This section will first introduce the defense method against attacks, then introduce the ViT model, and finally introduce the study carried out by the researchers on the robustness of the ViT model for attacks against examples.

2.1. Defense against Attacks

Adversarial attacks bring enormous security risks for the security deployment of various applications. In response to this problem, many scholars have proposed different methods for defense, and the defense methods at this stage are mainly divided into three categories.
  • Preprocessing the adversarial examples before they are fed into the neural network.
  • Adding more network layers or adding sub-networks to the network model to enhance the robustness of the neural network.
  • Using other networks as additional networks to detect adversarial examples.
Data pre-processing: Before feeding the adversarial examples into the neural network, the adversarial examples are processed by data pre-processing methods to eliminate the effects of adversarial perturbations. This method is applicable to various types of adversarial attacks and enhances the robustness of the network model without affecting the classification accuracy of the network model for clean examples. The main methods are image denoising [15], data compression [16] and pixel shifting [17].
The data preprocessing method does not require the modification of the structure of the deep neural network and is fast in computation, but it causes a loss of high-frequency information when preprocessing the input data, which leads to the network extracting incorrect features and eventually outputting the wrong prediction results. Therefore, when using preprocessing methods for the defense of the adversarial examples, it should be remembered that the high-frequency information is not lost.
Enhanced robustness of the neural network: Unlike the pre-training processing method, this method modifies the structure of the neural network to enhance the robustness of the model.
Adversarial training [18], as one of the most effective defense methods, is used to train the neural network by adding the adversarial examples generated by the attack method to the clean examples and training them together as the training set. Papernot et al. [19] proposed a defense distillation method based on the distillation method by first training the original network at a distillation temperature of T to obtain the prior knowledge, and then adding the a priori knowledge into the distillation network to continue the training and obtain the final output.

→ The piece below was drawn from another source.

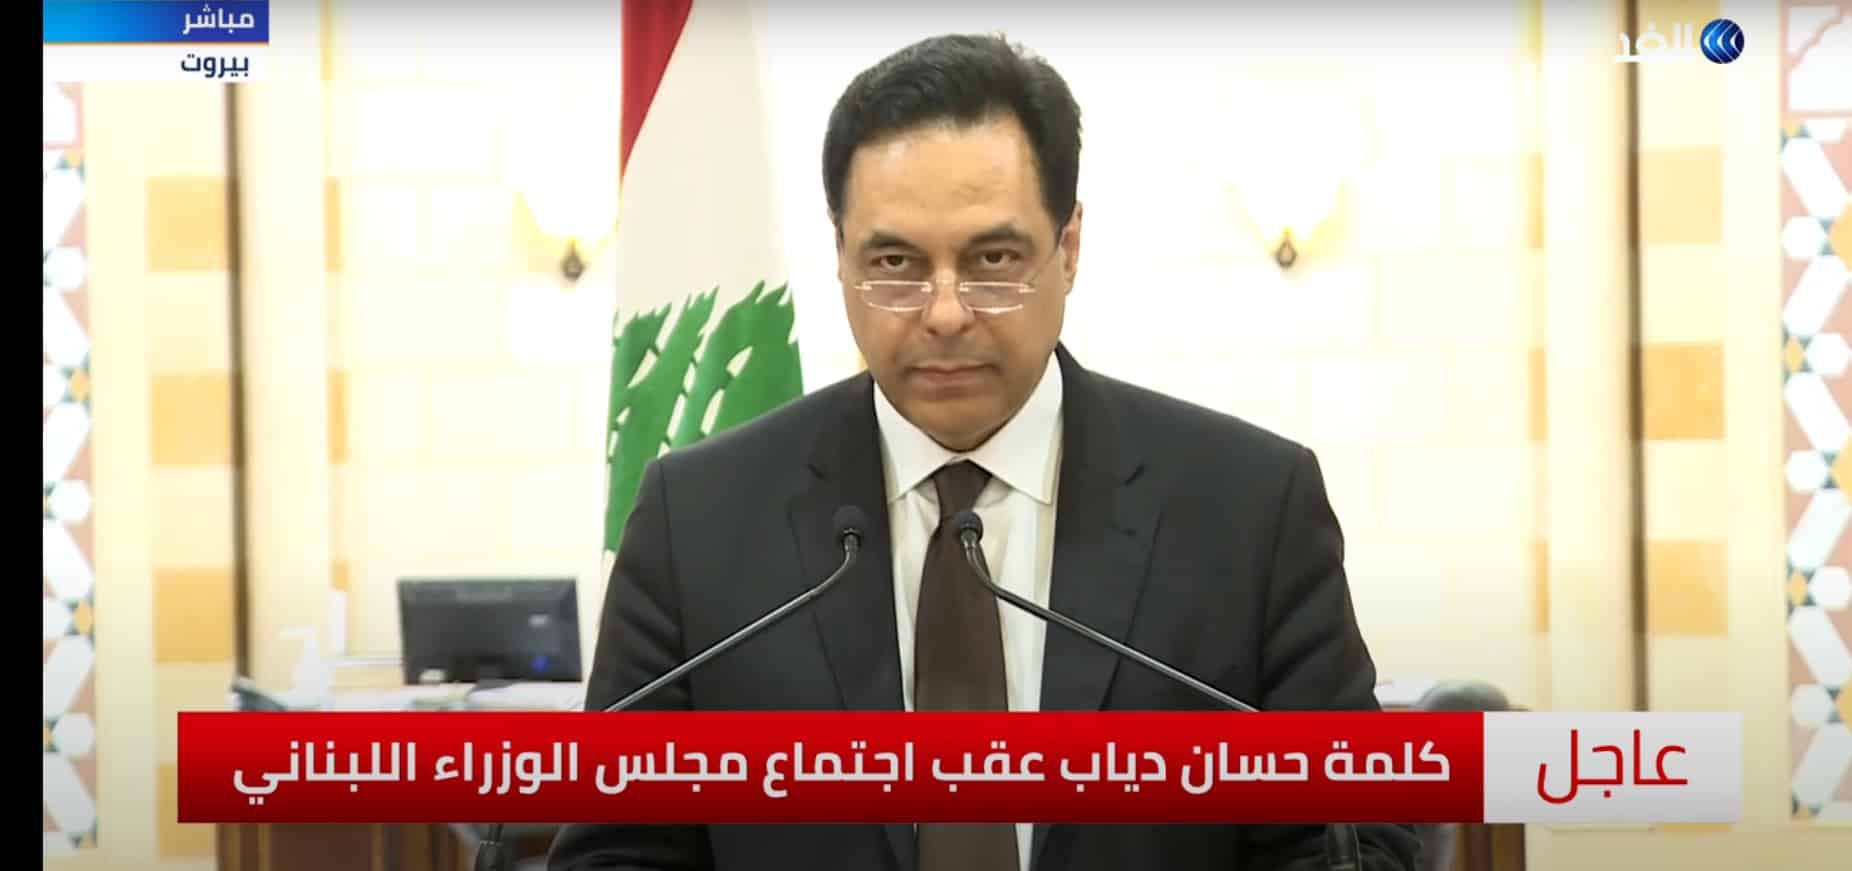 فيديو.. خطاب استقالة حكومة حسان دياب في لبنان
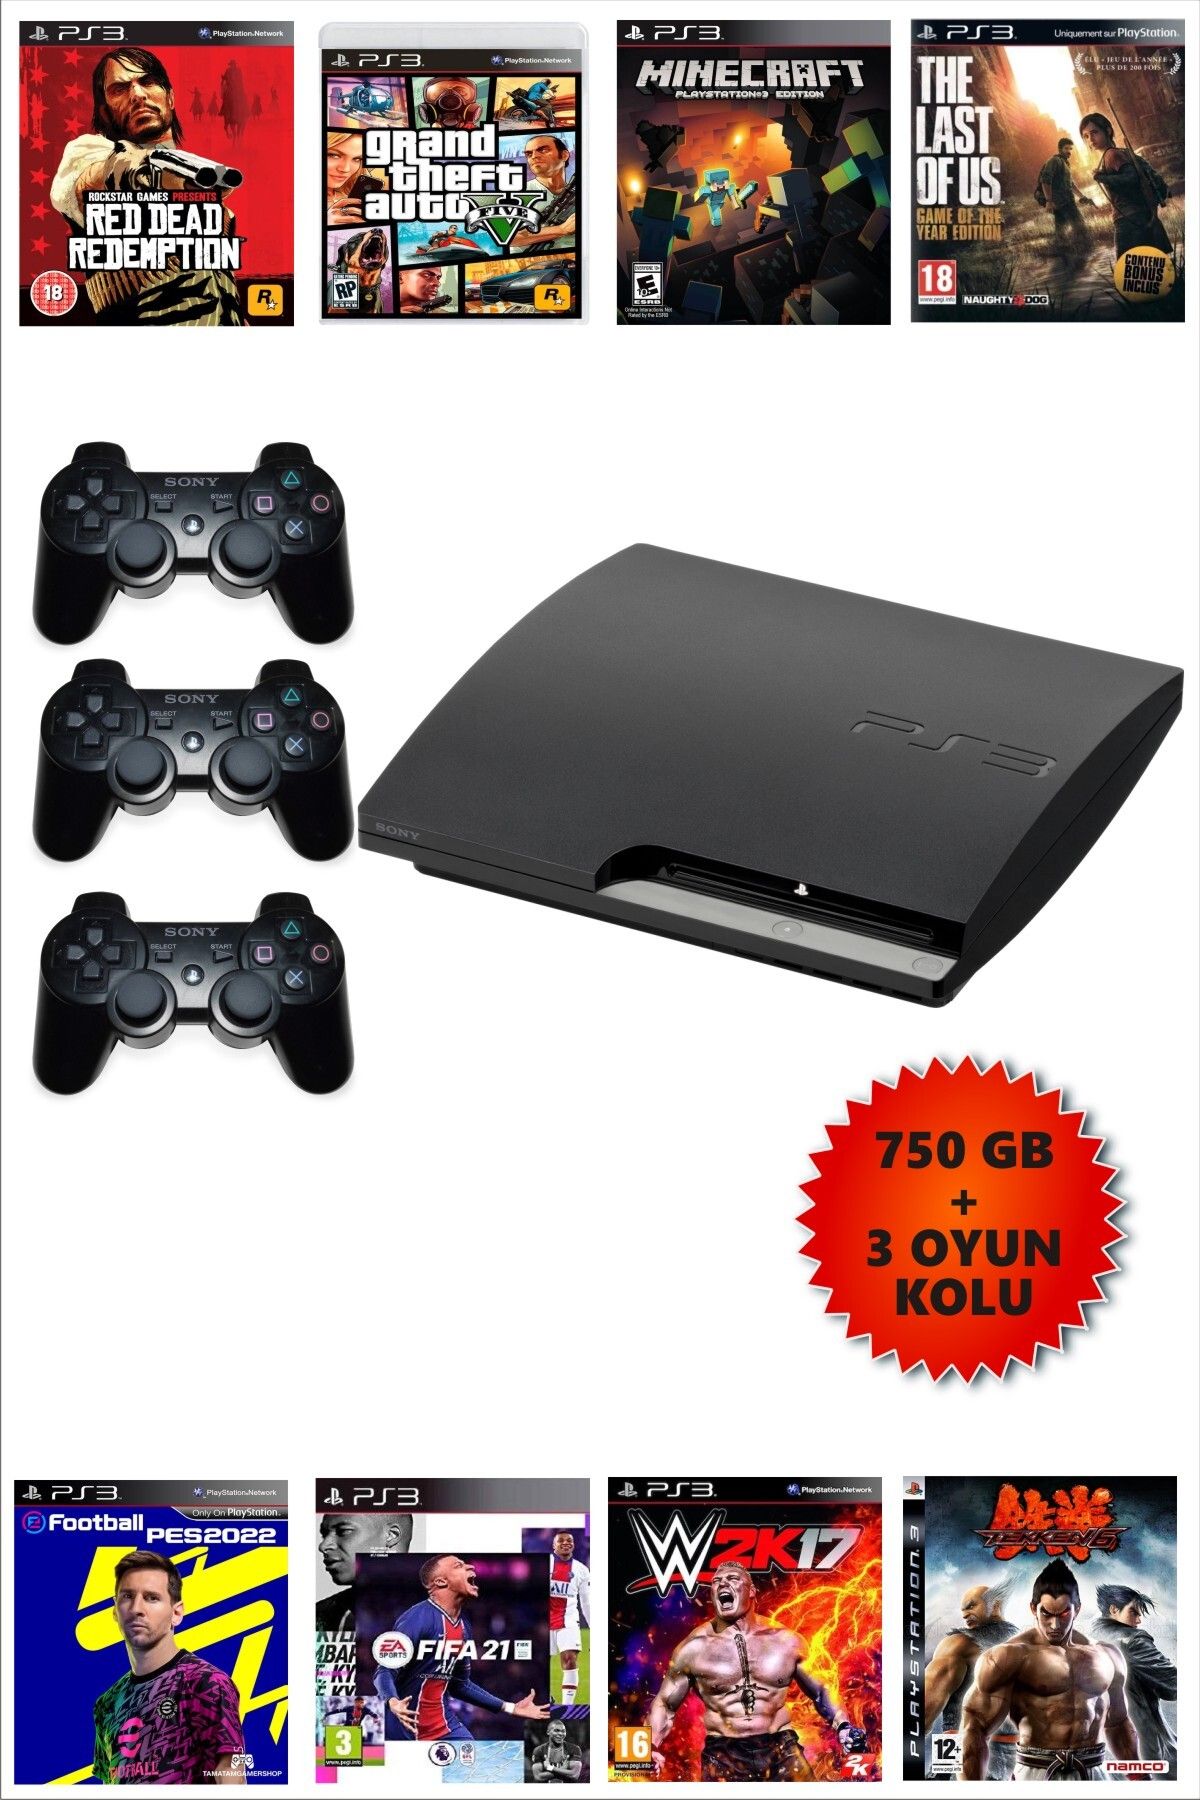 Sony Playstation 3 Slim 750GB + 3 Oyun Kolu + 80 Oyunlu + Garantili Teşhir Ürünü (Liste Resimlerde Var)

This method can effectively defend against white-box attacks FGSM and JSMA, but its defense performance is low for black-box attacks.
The robustness of neural networks can be effectively enhanced by improving their randomness and cognitive properties, but when faced with new examples, the neural networks need to be retrained, and the defense is less effective in the face of specific adversarial attack methods.
Detecting adversarial examples: Other neural networks are used to detect adversarial examples, distinguishing clean examples from adversarial examples by a threshold strategy, and feeding the data directly into the neural network if it is a clean example, otherwise, using an adversarial attack defense method to mitigate the impact caused by adversarial examples. For example, Samangouei et al. [20] proposed a defense method based on the Generative Adversarial Network (GAN) network, but its effect on improving the robustness of neural networks is not very obvious. Meng et al. [21] proposed a defense method based on MagNet network, which can better defend against black-box attacks, but cannot defend against white-box attacks. Nesti et al. [22] proposed a defense method based on Defense Perturbation, which is simple and computationally less expensive and does not need to consider complex models.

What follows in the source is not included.